_Problem to work on_: The listing below has to be output exactly as given, less its pictures.

··· Recorded information ···

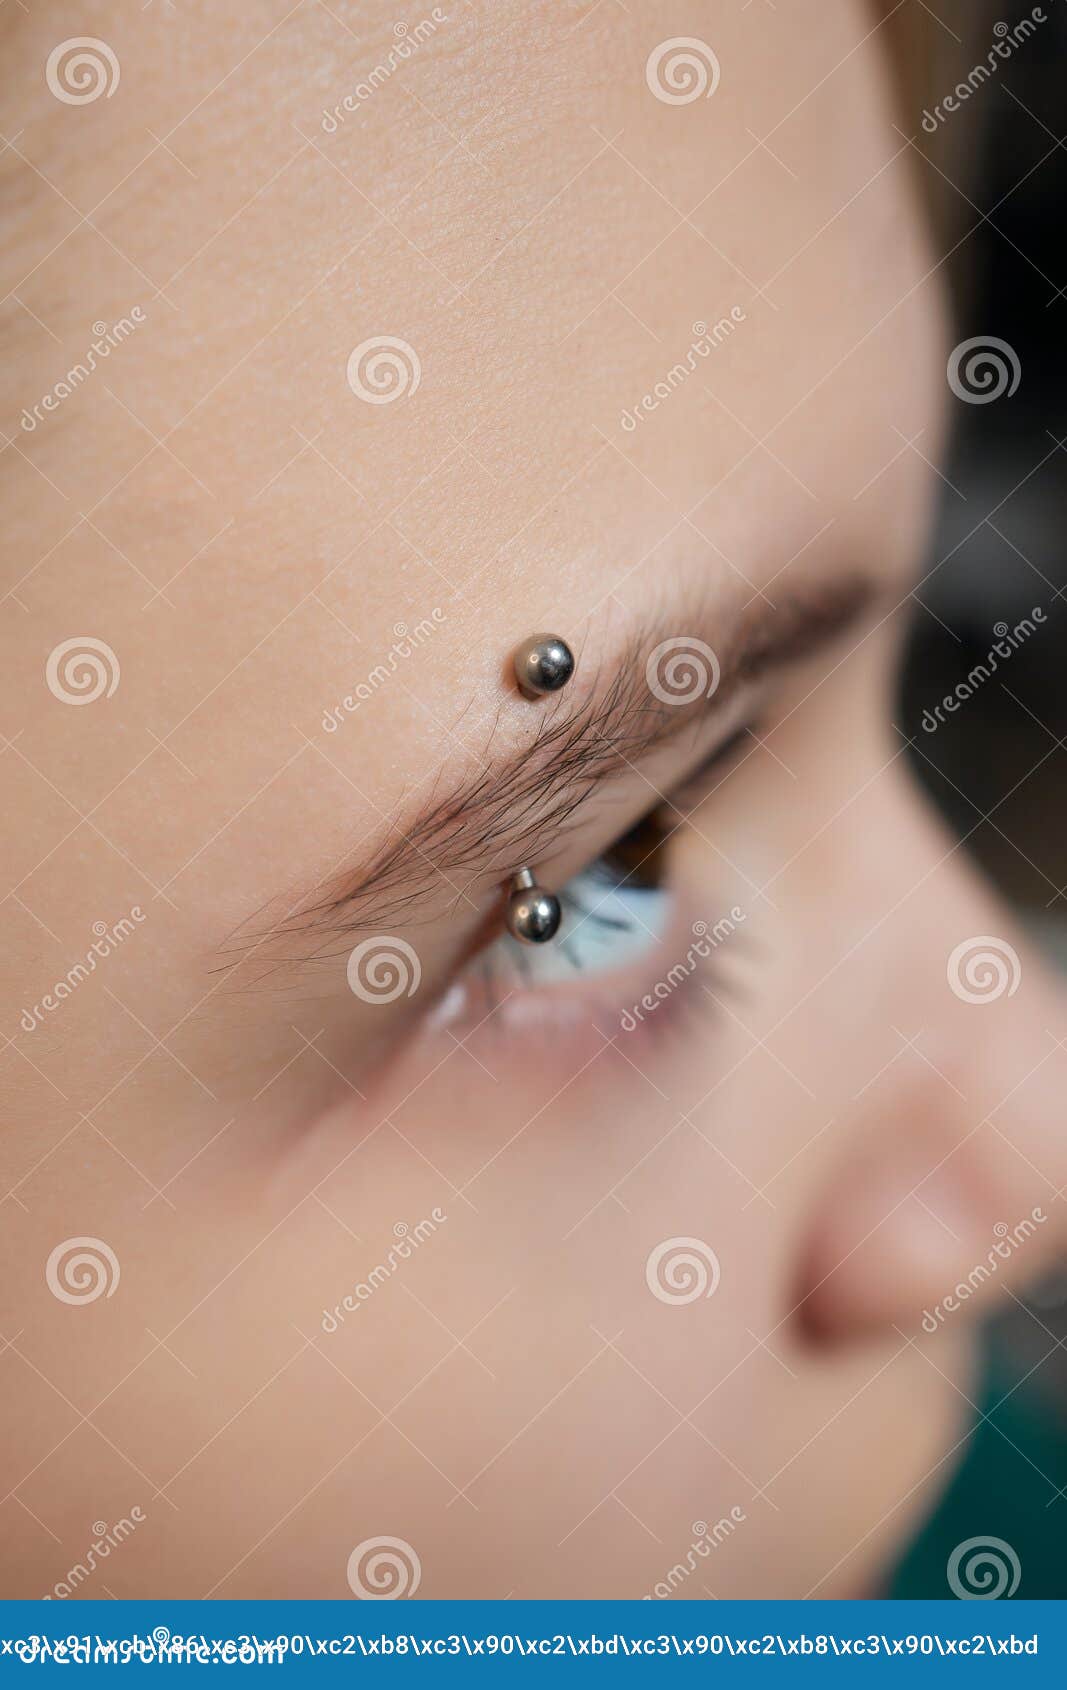 Smile Or Frenulum Piercing Under The Upper Lip Stock Photo Image Of
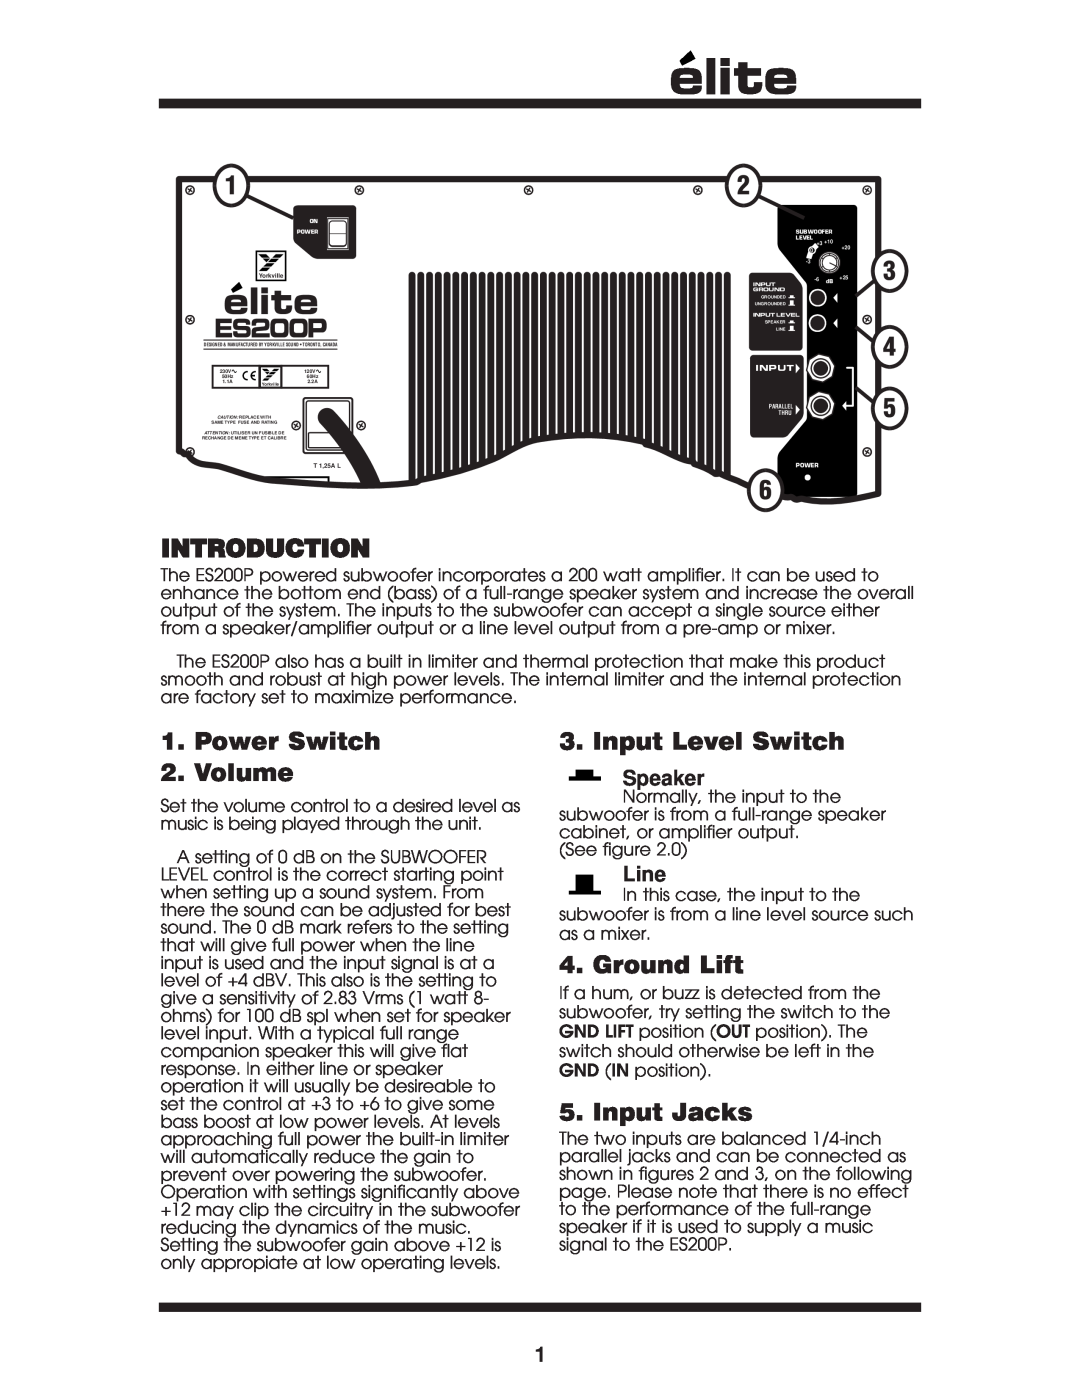 Yorkville Sound ES200P Introduction, Power Switch 2.Volume, Input Level Switch, Ground Lift, Input Jacks, Speaker, Line 
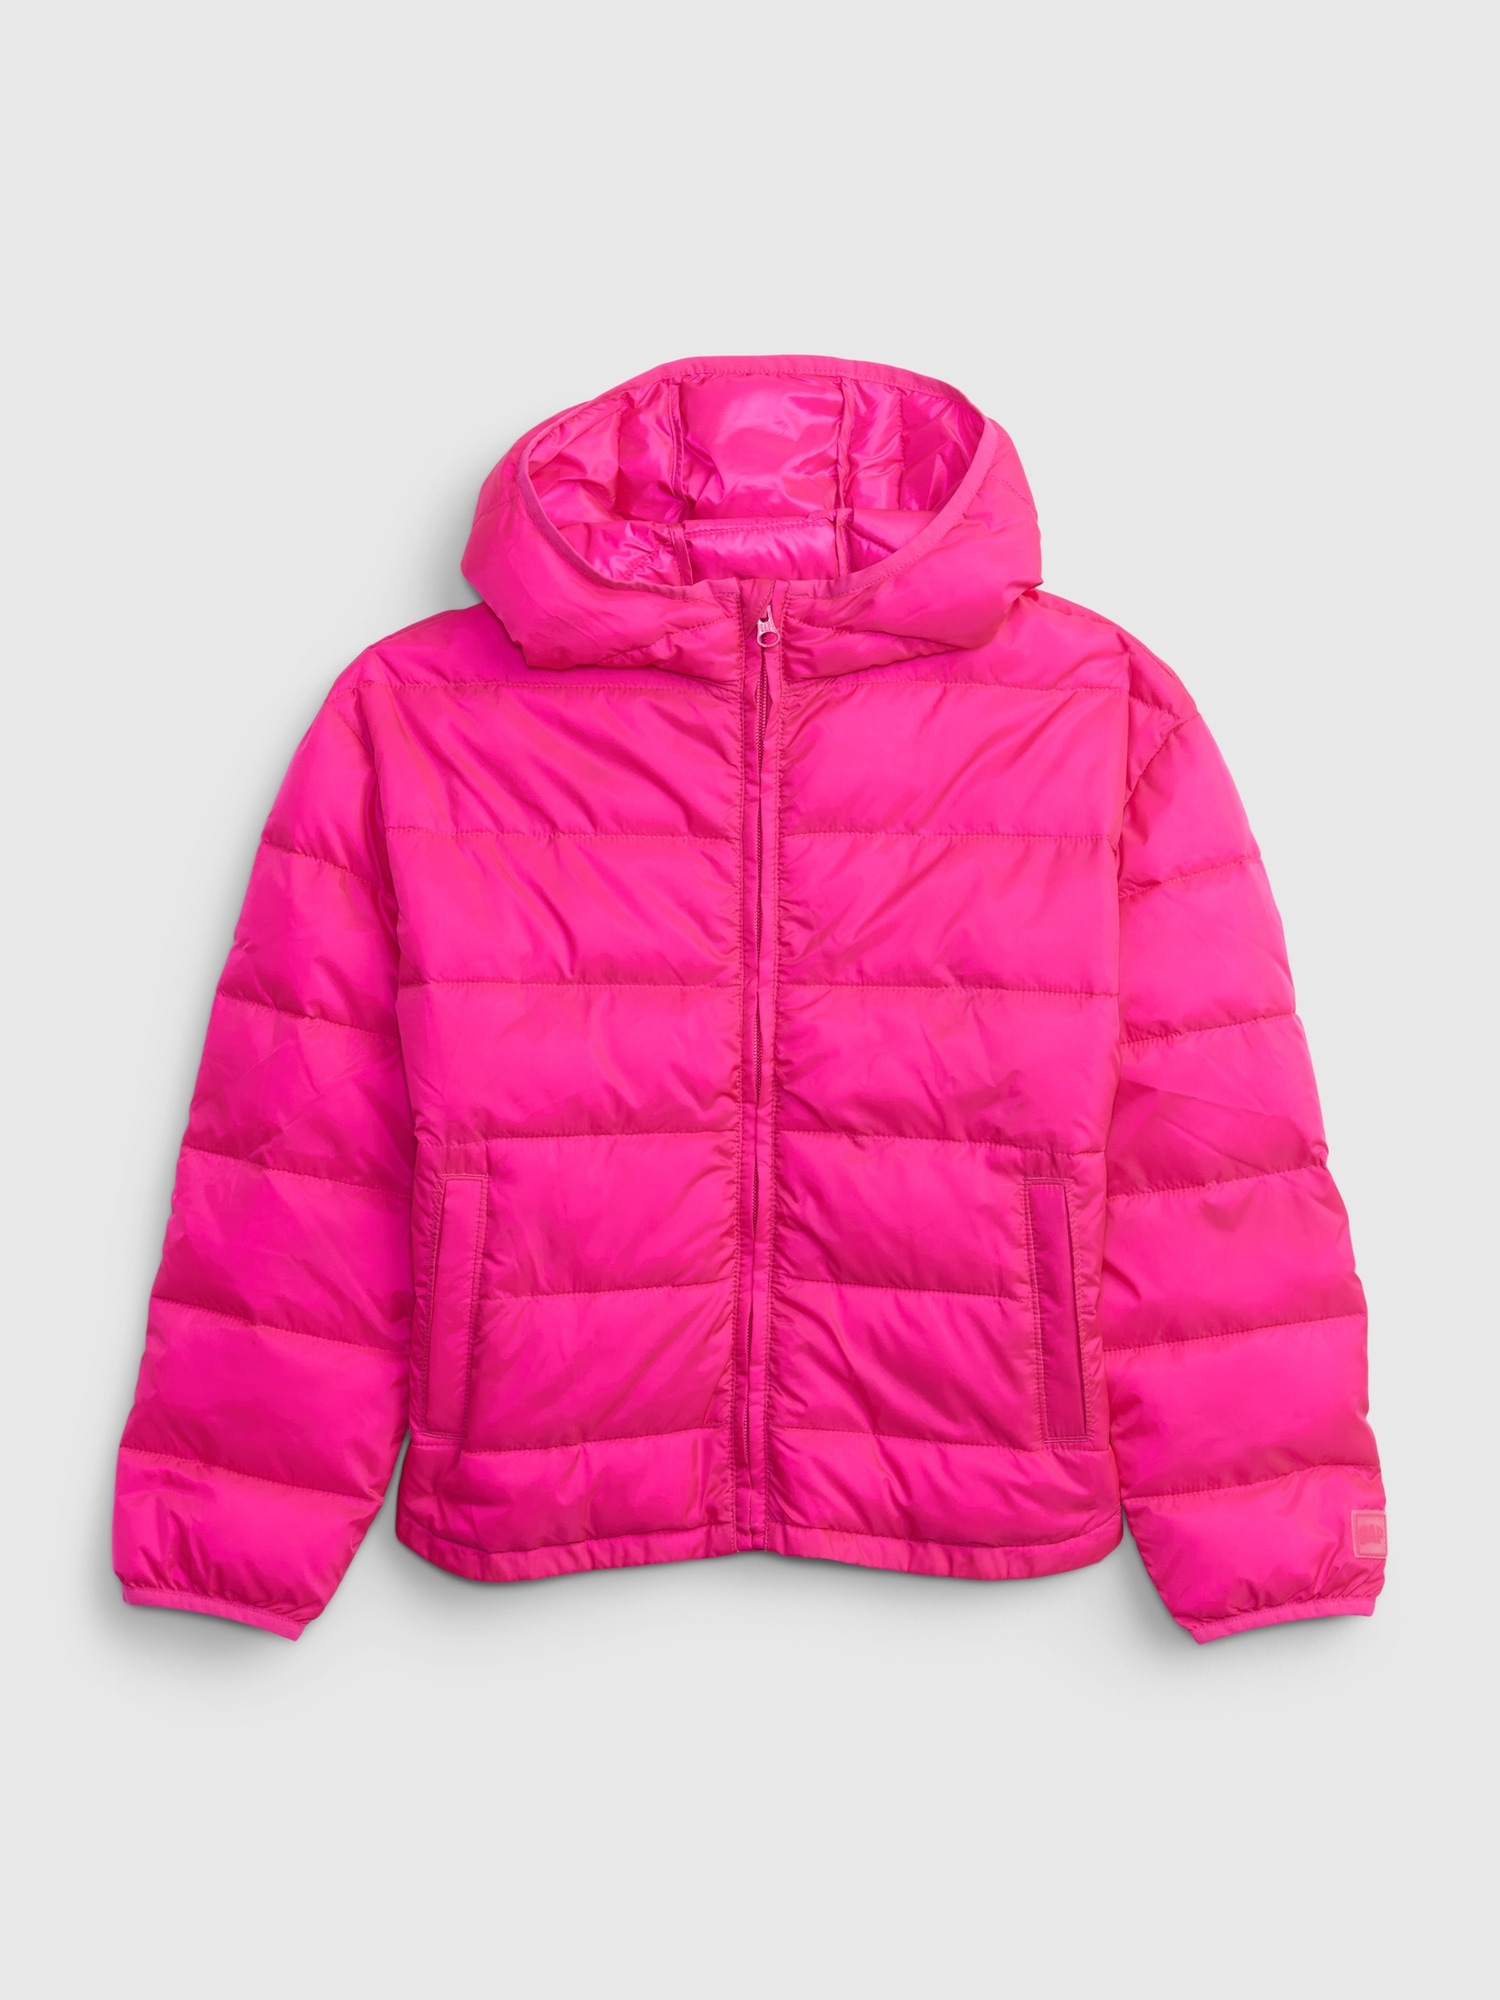 Gap Kids 100% Recycled Lightweight Puffer Jacket pink. 1
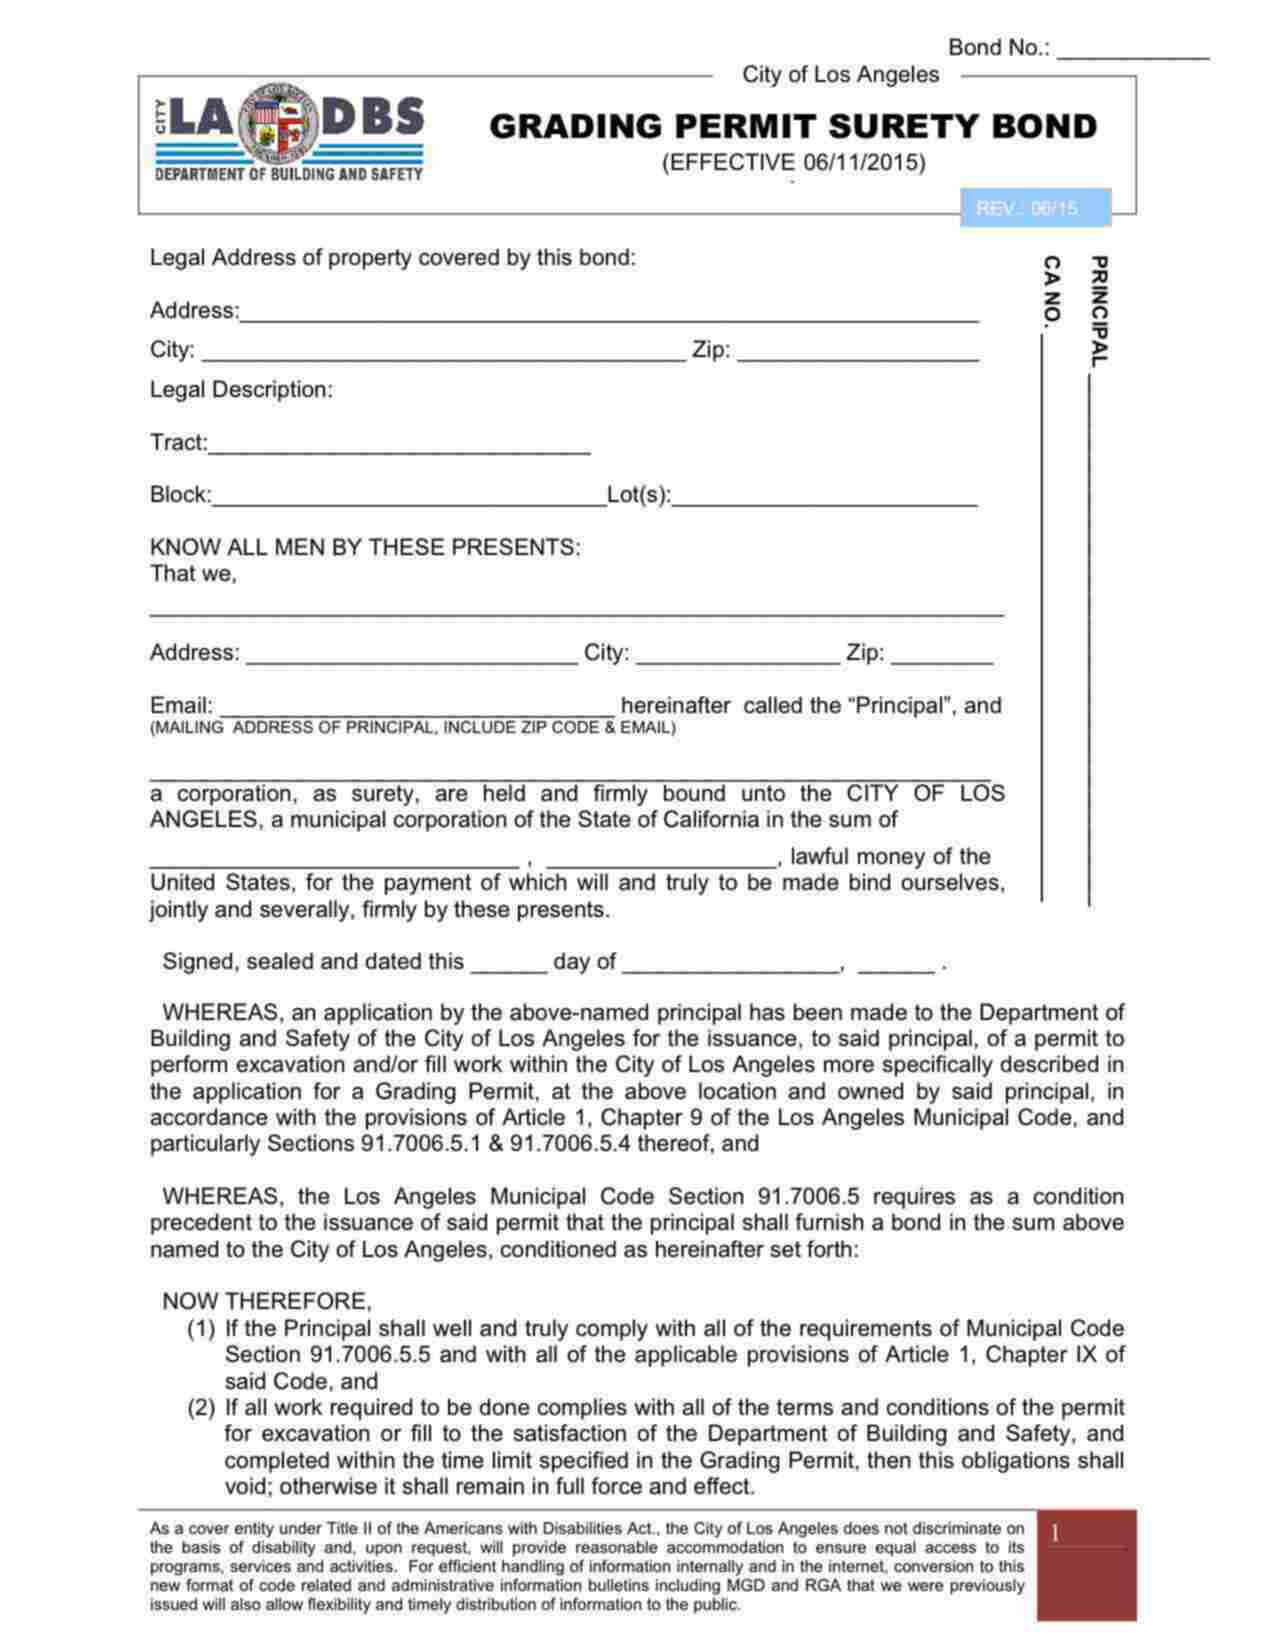 California Grading Permit Bond Form

···

_Reply_:
 Smile Or Frenulum Piercing Under The Upper Lip Stock Photo Image Of
 Yorkville Sound ES200P Introduction, Power Switch 2.Volume, Input Level Switch, Ground Lift, Input Jacks, Speaker, Line 
 Gap Kids 100% Recycled Lightweight Puffer Jacket pink. 1
 California Grading Permit Bond Form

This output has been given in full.